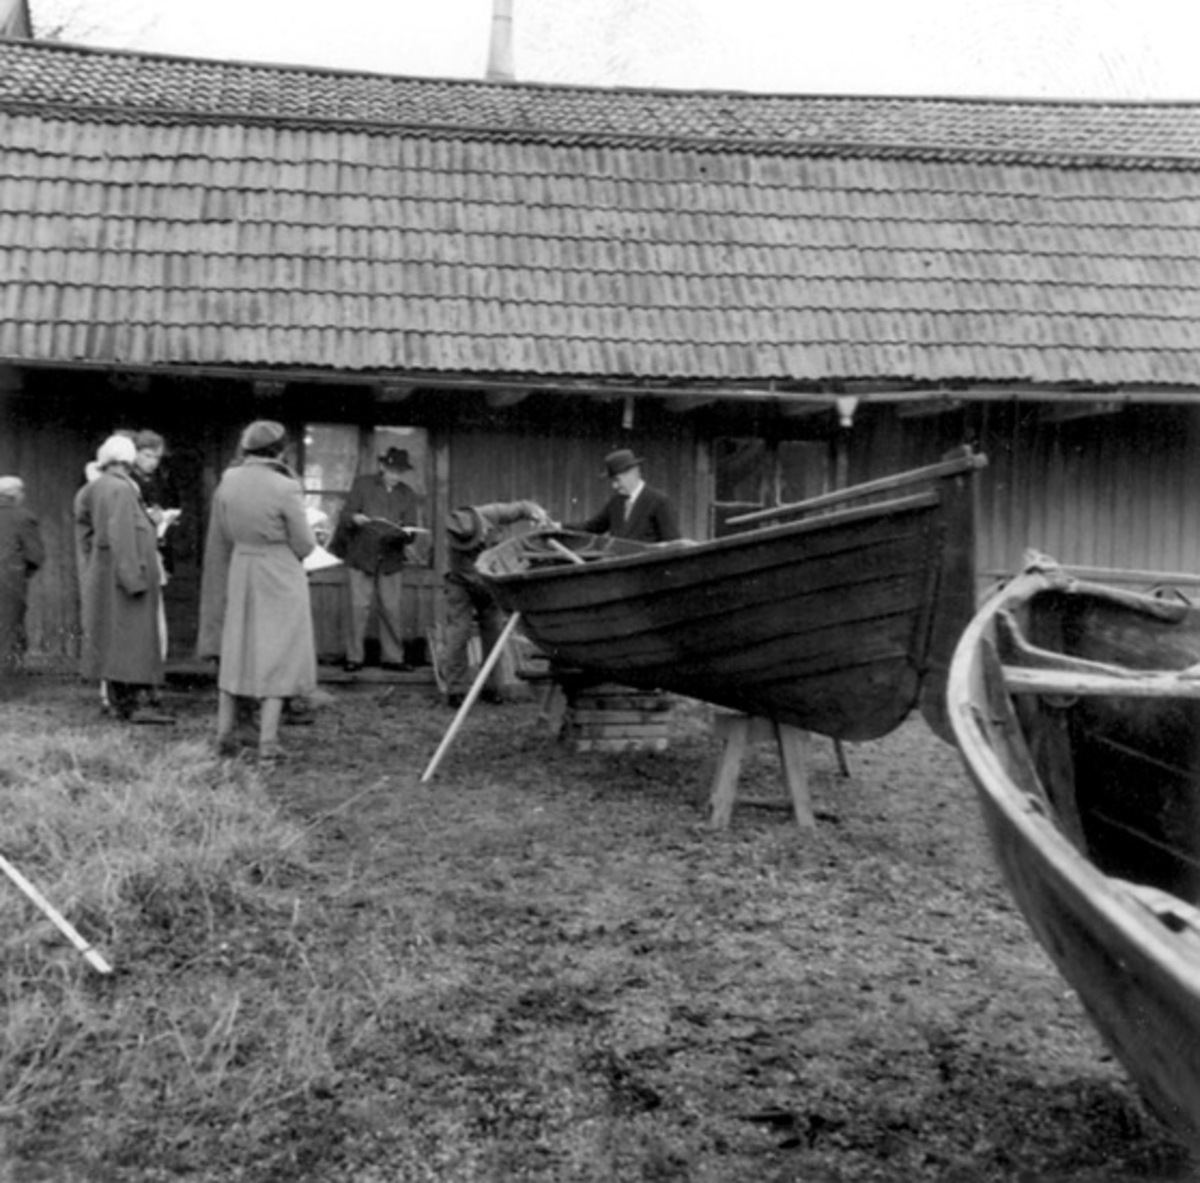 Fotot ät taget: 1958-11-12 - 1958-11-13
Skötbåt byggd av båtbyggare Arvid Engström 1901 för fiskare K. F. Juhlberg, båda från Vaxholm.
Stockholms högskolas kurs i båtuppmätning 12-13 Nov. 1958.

---

_Required action_.
Drop the pictures and reproduce the rest of the data above exactly.

_Completed task_.
 Fotot ät taget: 1958-11-12 - 1958-11-13
Skötbåt byggd av båtbyggare Arvid Engström 1901 för fiskare K. F. Juhlberg, båda från Vaxholm.
Stockholms högskolas kurs i båtuppmätning 12-13 Nov. 1958.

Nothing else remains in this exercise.